It's OK to say no to Beijing's demands regarding the naming and designation of Taiwan. China may push and whine and scream and threaten, but at the end of the day, if you hold the line, nothing comes of it. In specific, rare instances where it has, it's because an entire industry has caved and so the CCP can flex its muscles without worry.

Take the latest LSE sculpture controversy that Chinese students manufactured. As of now, The World Turned Upside Down has still not been changed. I can confirm this as of April 14th: 


Photo used with permission

No official decision has been made, but seeing as it's no longer in the news, I doubt it will continue to be an issue.

And what has Beijing threatened or done in retaliation?

Nothing. Nothing at all. I've checked every news source I can find on this, and there's nada. Zero.

LSE said they were going to shelve the issue, and silence reigned. The Economist intoned that China could threaten to cut off student enrollment as they said they might do at Oxford:


When Louise Richardson, vice-chancellor of Oxford University, was asked by the Chinese embassy to prevent Lord Patten, the university’s chancellor (a largely ceremonial role), from visiting Hong Kong, she refused.... 
British universities have worked hard to court the Chinese, and the rush of students paying hefty international fees demonstrates the benefits of this approach. But as the LSE is now finding out, it is not without drawbacks. When threatened with receiving fewer Chinese students by the Chinese embassy, Ms Richardson of Oxford replied that there were many Indians who would be happy to take their place. 

But so far that has not materialized, and as far as I'm aware it never came to anything at Oxford, either. That allows us to add Oxford University to our list of institutions that have refused Chinese demands and suffered no real repercussions.

Then there was the incident at the Lions Club, which has chapters in Taiwan (in China, they have their own Lions Club which apparently cooperates with the Lions Club International). The China chapter tried to force the international organization to change Taiwan's designation...and failed.

Has there been any blowback against the Lions Club by Chinese authorities since?

As far as I can find, there has been none.

And here's one that may surprise you. Remember when we all thought that an Air New Zealand flight was denied landing in China because the Chinese government had requested that the airline change its designation of Taiwan to show it as part of China?

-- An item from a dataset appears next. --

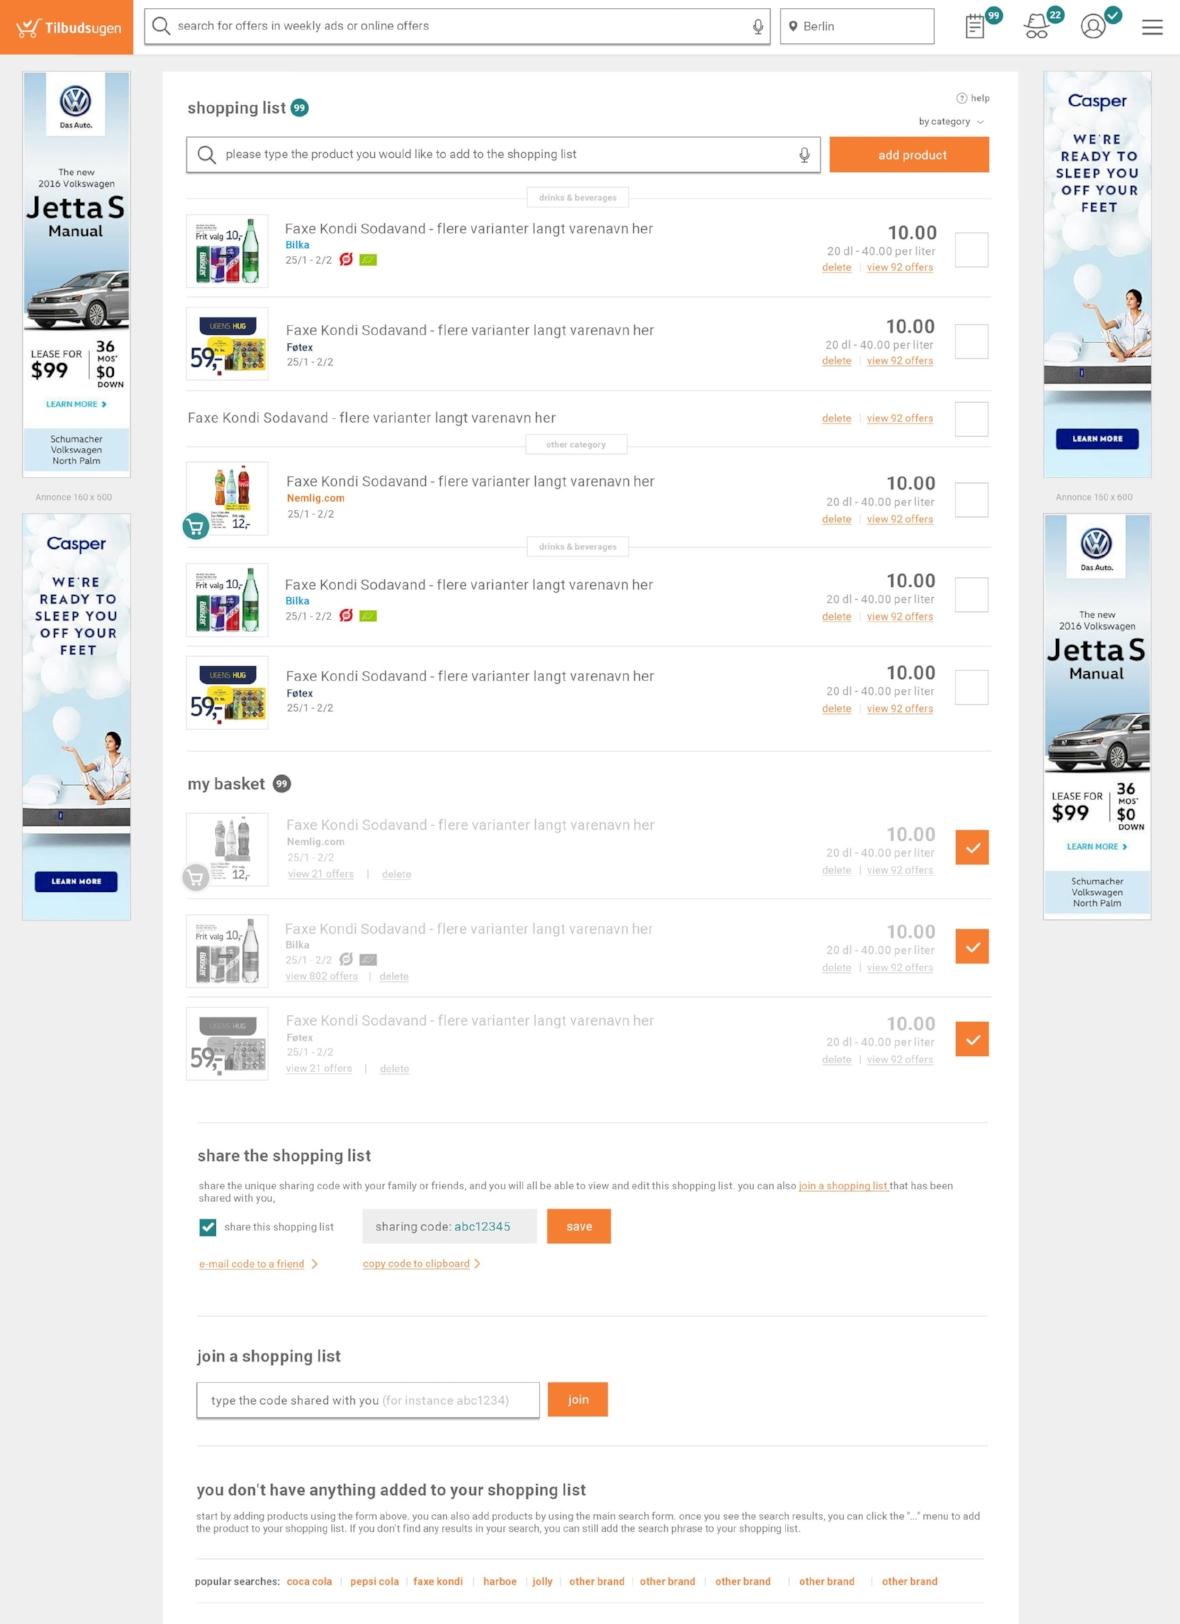 6.-Shopping-list.jpg

Turns out that's likely not the case. One website reported it, and everyone just took it as true. But even Reuters - that bastion of bad Taiwan reporting - didn't think there was enough evidence to the story to even report it as a possibility. And as The Guardian pointed out, there's no definitive evidence that this was the reason, and in fact reported that:


China’s foreign affairs spokesperson Hua Chunying said the Air New Zealand flight had turned around on its own accord. “Due to temporary glitch in dispatchment, this airplane failed to obtain a landing permit with its destination and decided of its own accord to return en route.”

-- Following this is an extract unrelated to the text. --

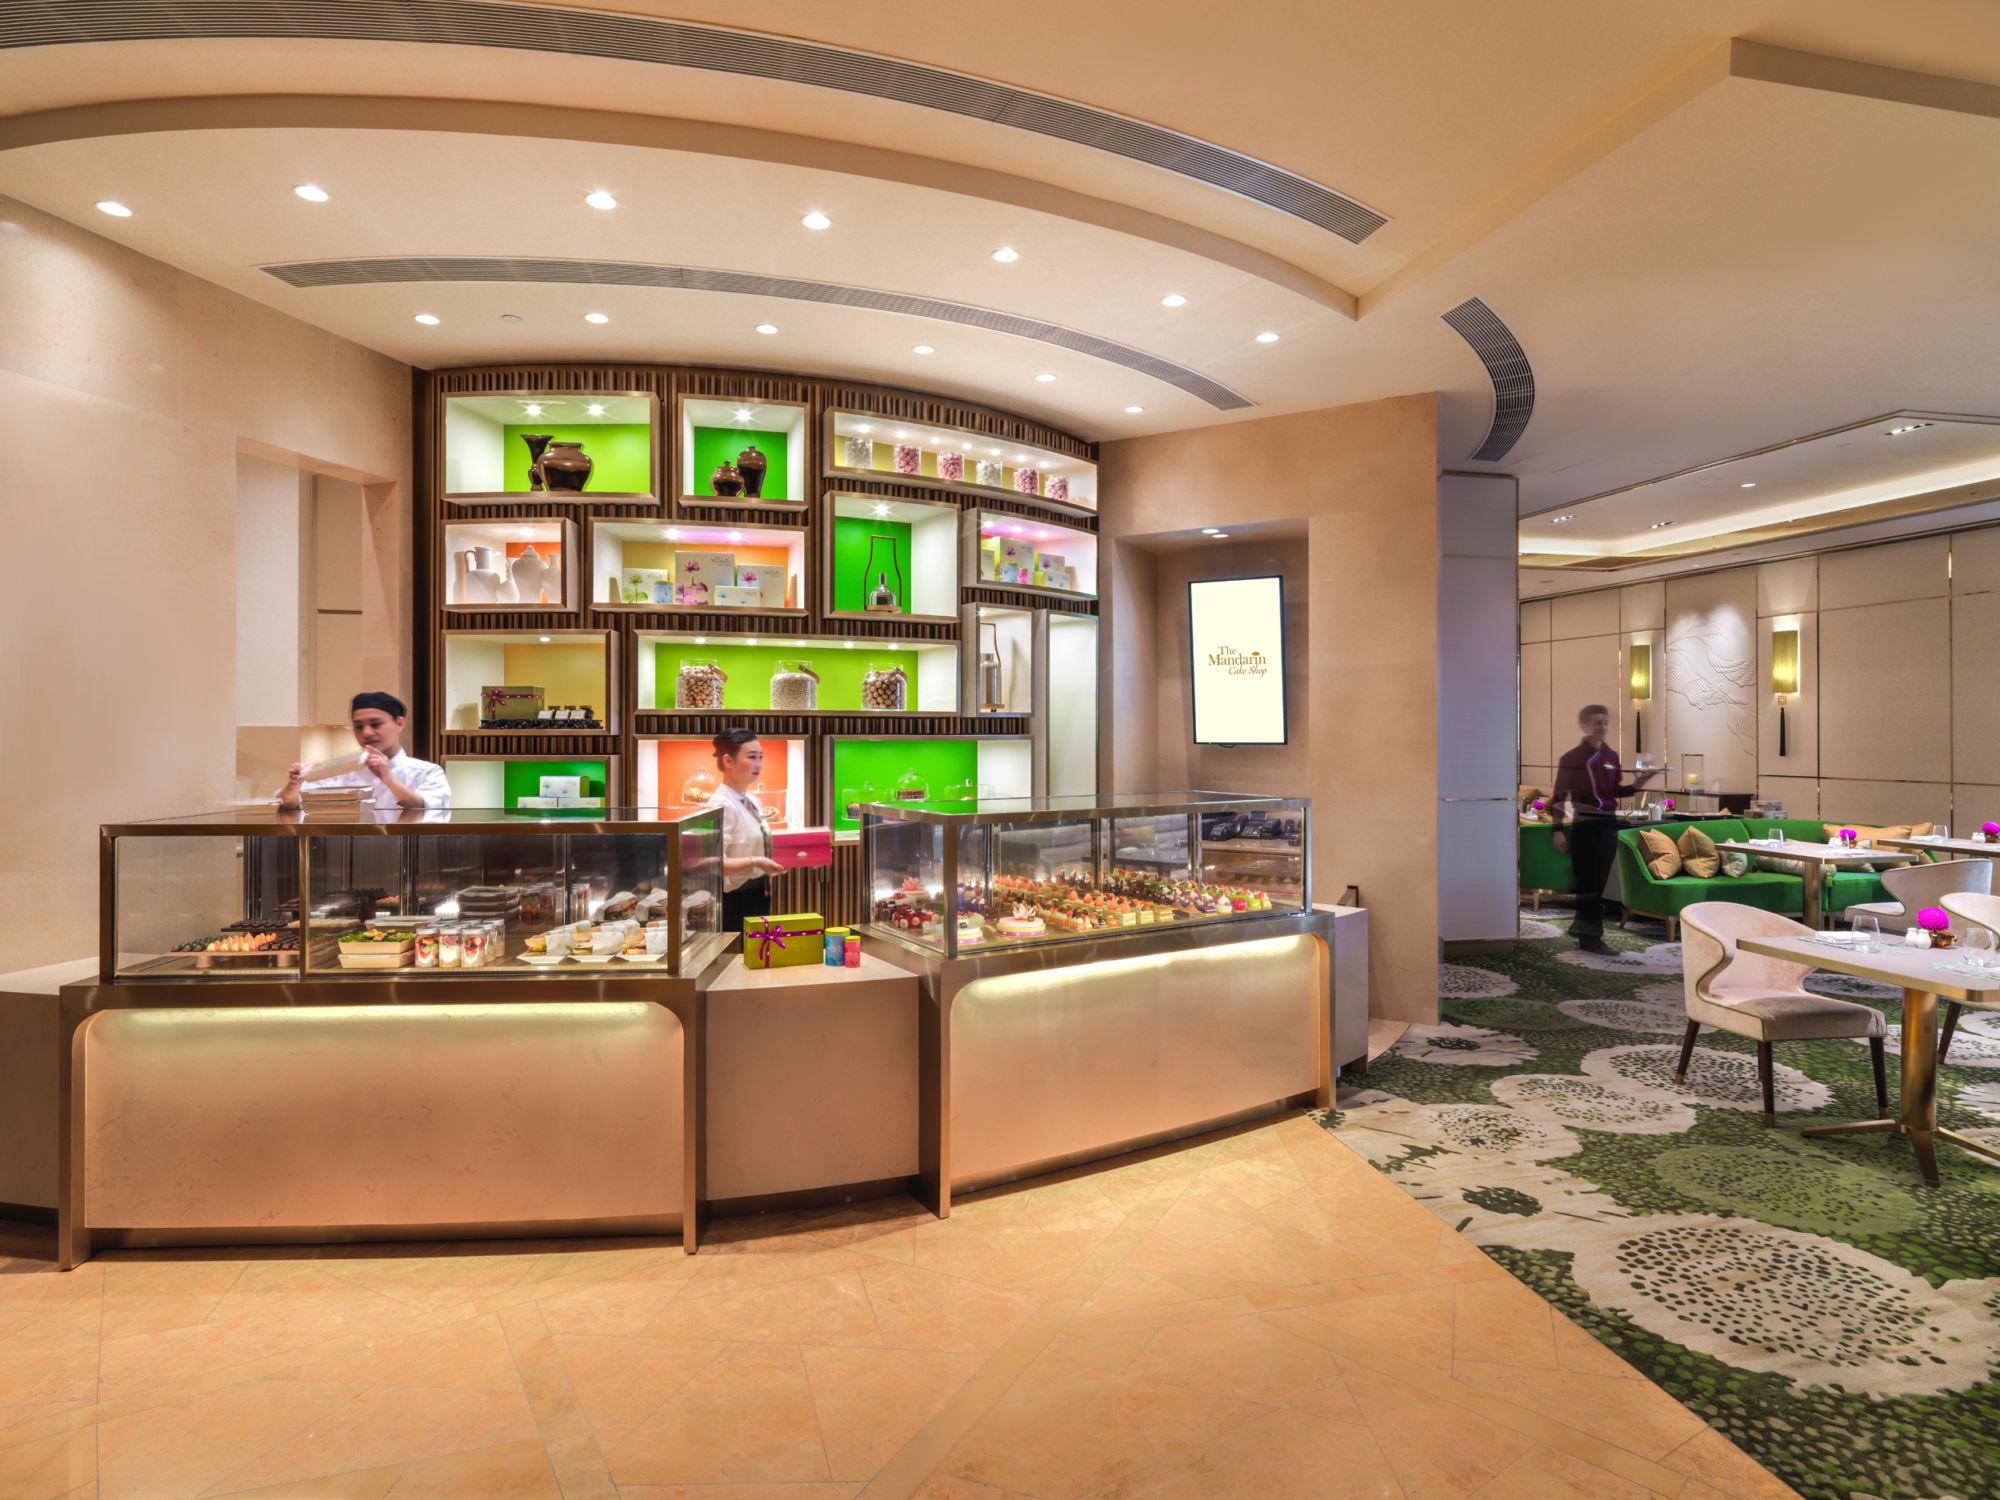 Macau_The Mandarin Cake Shop Exterior

Beijing is quite clear on the line it takes with international airlines; it has no reason to lie about this.

So I went and checked. Guess what!

Air New Zealand still doesn't refer to Taiwan as a part of China. On its route map, it puts Taiwan in capital letters just as it does with every other country.



Screen Shot 2019-04-16 at 8.01.14 PM



At least in Taiwan, their website opens with a reference to Taiwan:


Screen Shot 2019-04-16 at 7.59.05 PM


...and Taipei is just referred to as "Taipei" as a destination they fly to, as with every other city.

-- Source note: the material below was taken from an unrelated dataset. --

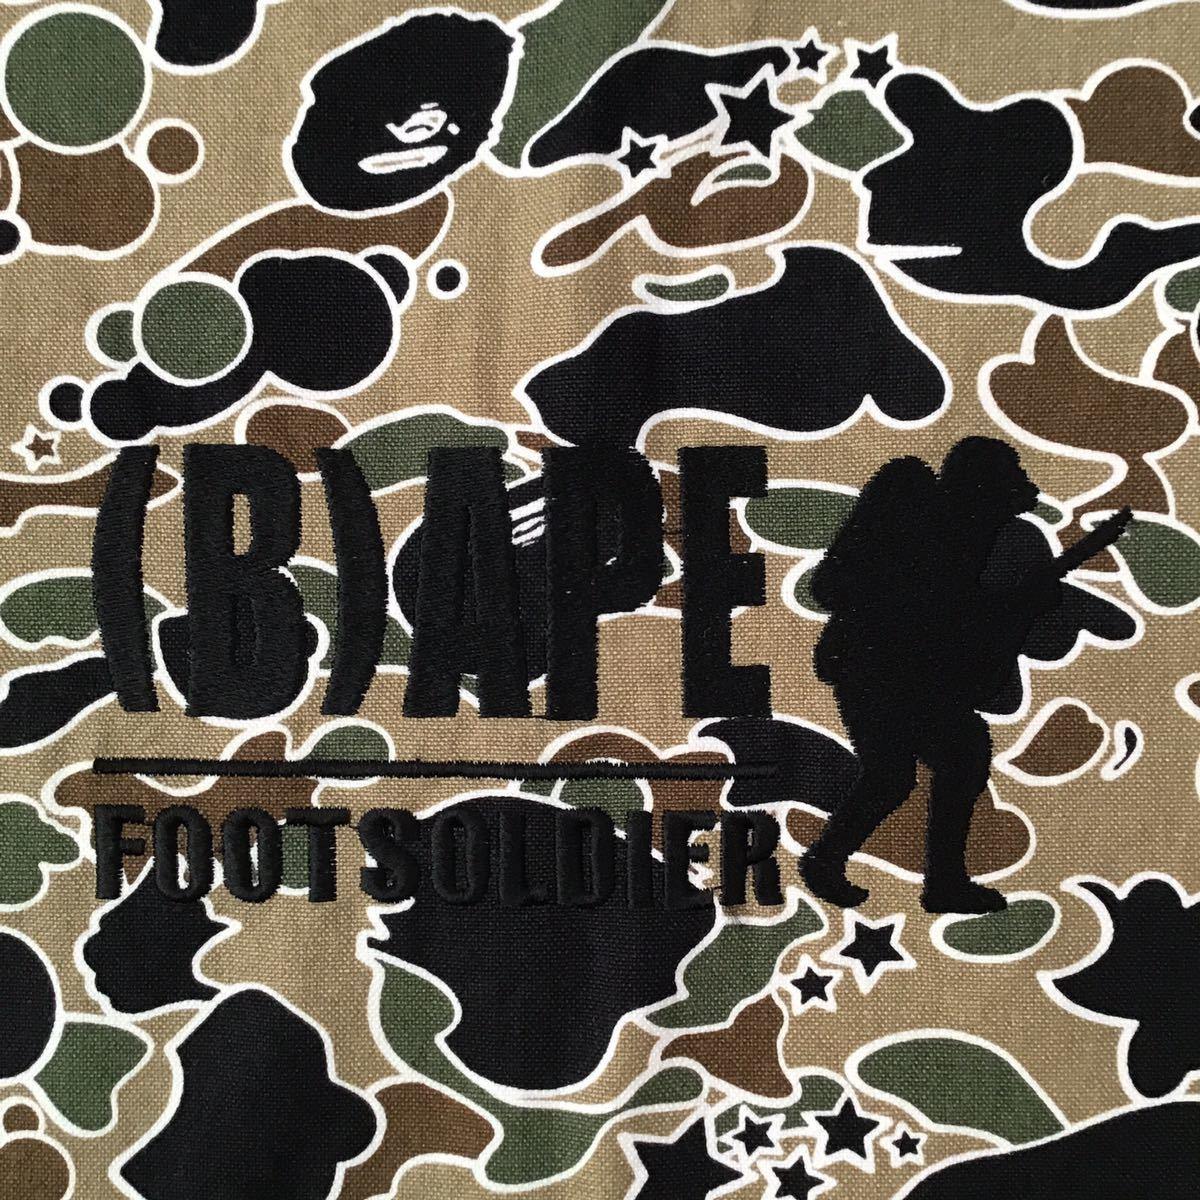 sta camo 巾着袋 a bathing ape bape foot soldier バッグ bag エイプ ベイプ フットソルジャー psyche camo 迷彩 nigo 2532

 Are you hearing news reports about Air New Zealand being denied the ability to fly to China, because they never heeded the request that they change Taiwan's designation? No?

That's because it never happened. Air New Zealand doesn't call Taiwan "China" and yet they are still able to fly to several cities in China, and keep Shanghai as a hub!

What this means is that all those other airlines never actually had to change Taiwan's designation. There was no risk. There's no way China would have banned all of them, seeing as it won't even ban one.

The same could have been true for organizations that have already bent the knee to Emperor Xi - such as the international English proficiency testing organizations IELTS and TOEFL - I fail to see why they felt it was necessary. Do they really think China would ban IELTS or TOEFL testing? With all of the rich princelings that powerful parents want to send to study abroad? Please. There was no risk here; they just bent over because they like it rough, I suppose. If anything, organizations like IELTS bring pain on themselves when their own governments castigate them over their stupid decisions.

And, of course, while China might cause trouble for international news publications, the New York Times, The Economist and more who refer to Taiwan as "Taiwan" are already blocked in China. I suspect most would agree as well that censoring their content so as to appease China - assuring their reporters access or keeping their sites unblocked - would irreparably damage their credibility as sources of reputable journalism regardless. So, there is no reason going forward for them to make any changes either.

In short, let this be my announcement to the international organizations and businesses of the world: you don't have to give in to Beijing's demands on Taiwan.

It's clear that they don't actually do anything to retaliate if you show them the door.